(ACTIVITY):
The copy should begin at the line containing "Caesalpinia gilliesii seeds" and end at the last line of the material. Please reproduce those lines exactly and keep pictures out.

(DATA BLOCK):
== Segment start ==

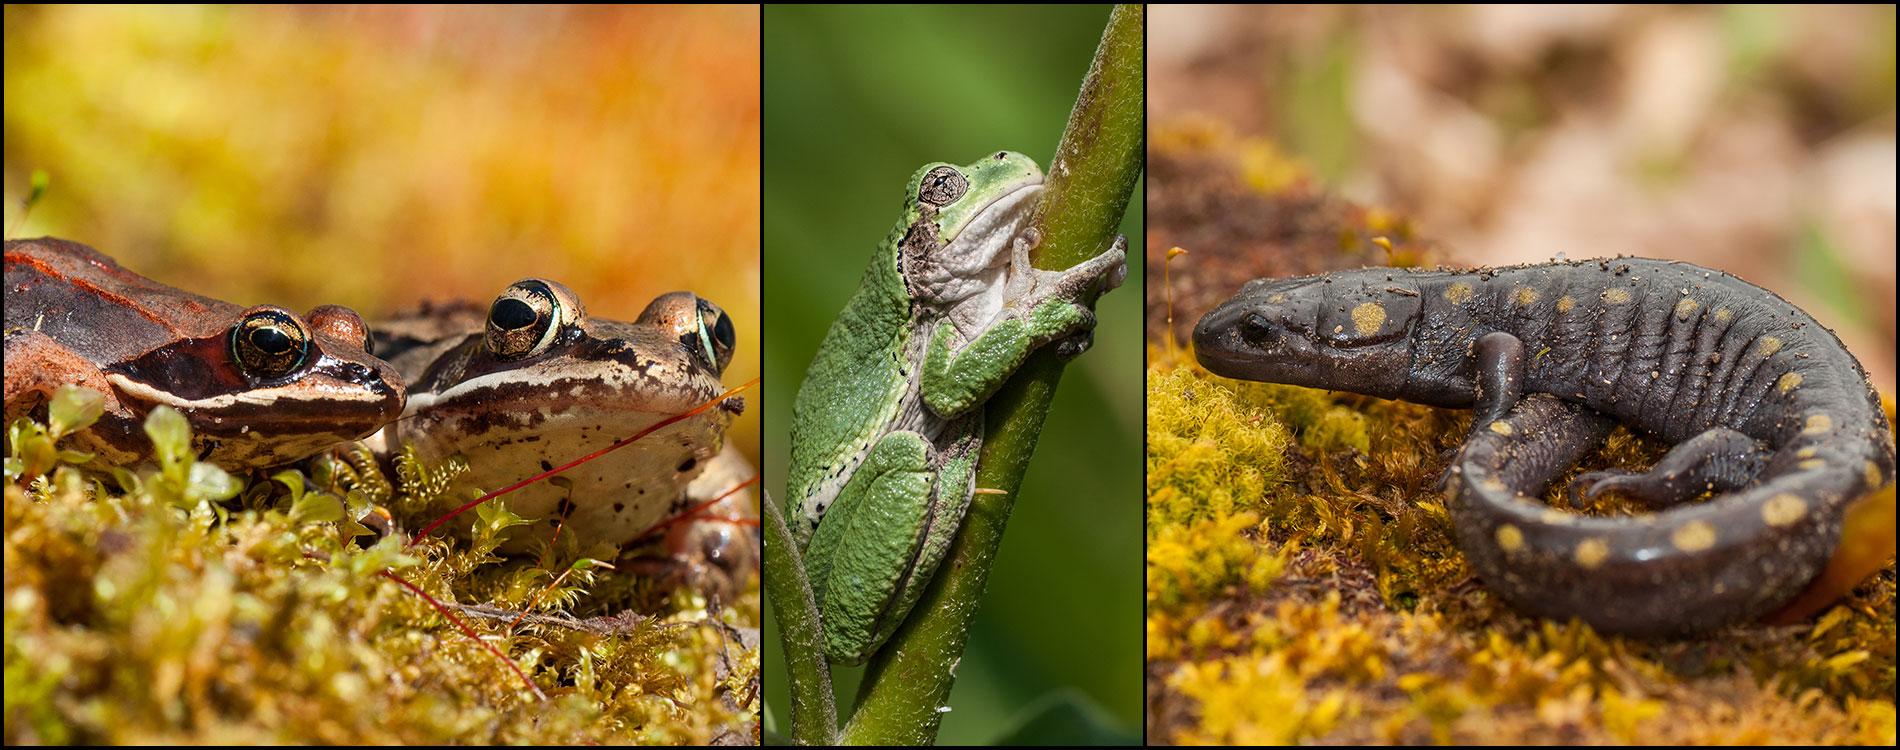 amphibian_1900x750
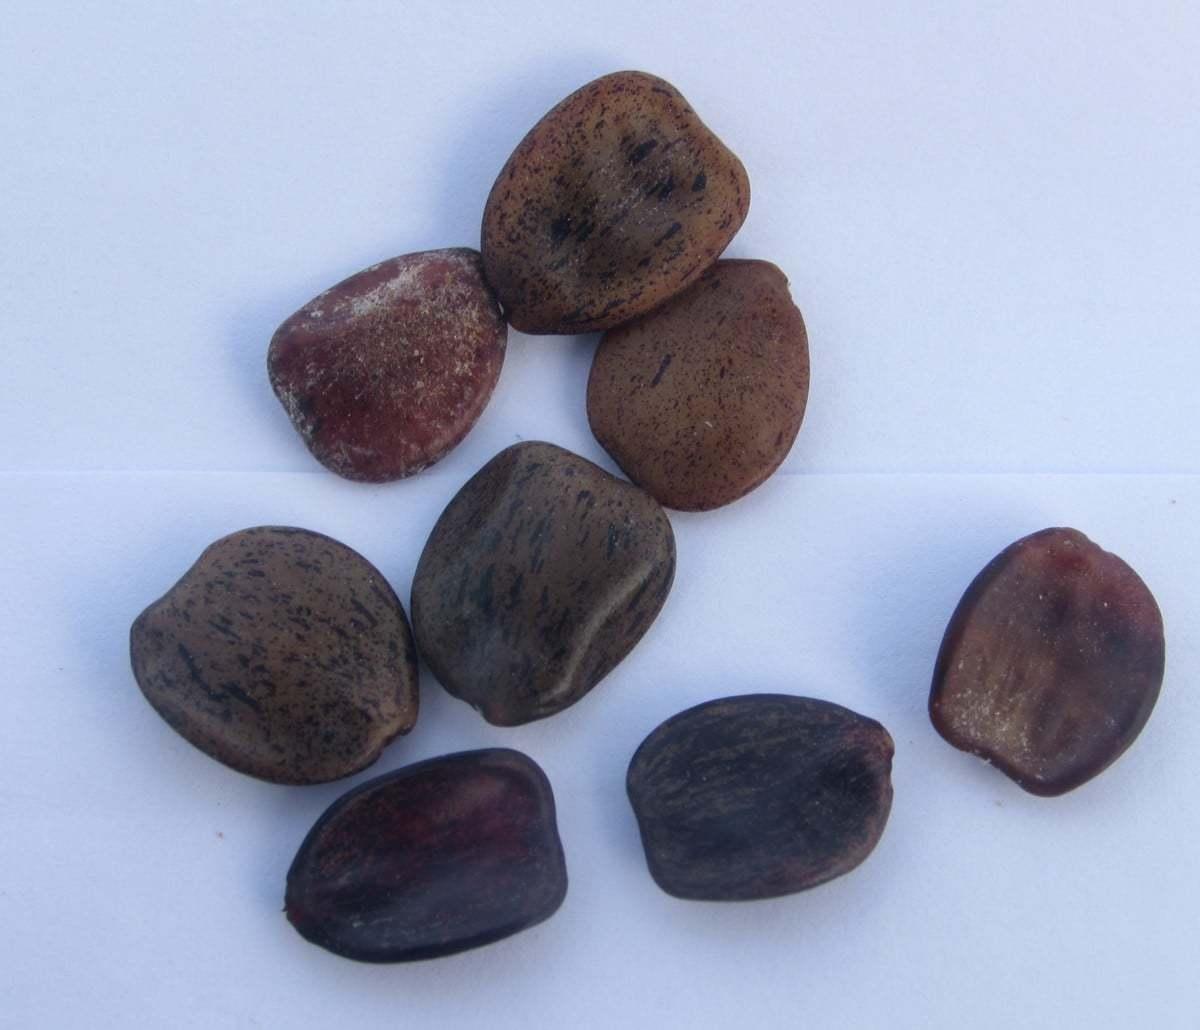 Caesalpinia gilliesii seeds
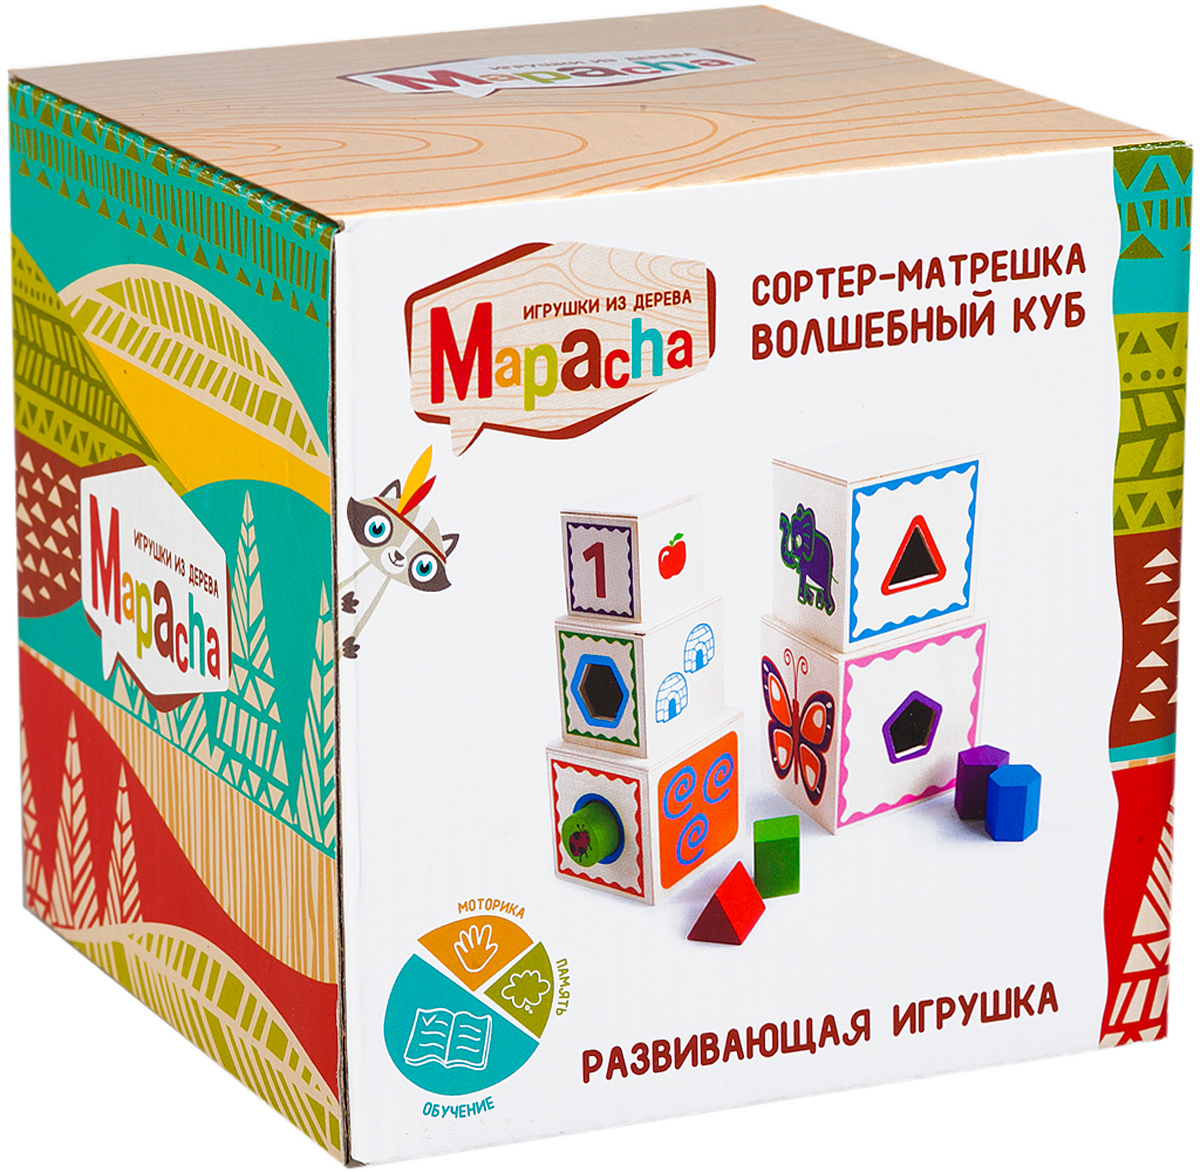 Mapacha Обучающая игра Сортер-матрешка Волшебный куб #1

== Segment end ==

(TASK OUTPUT):
 Caesalpinia gilliesii seeds
 Mapacha Обучающая игра Сортер-матрешка Волшебный куб #1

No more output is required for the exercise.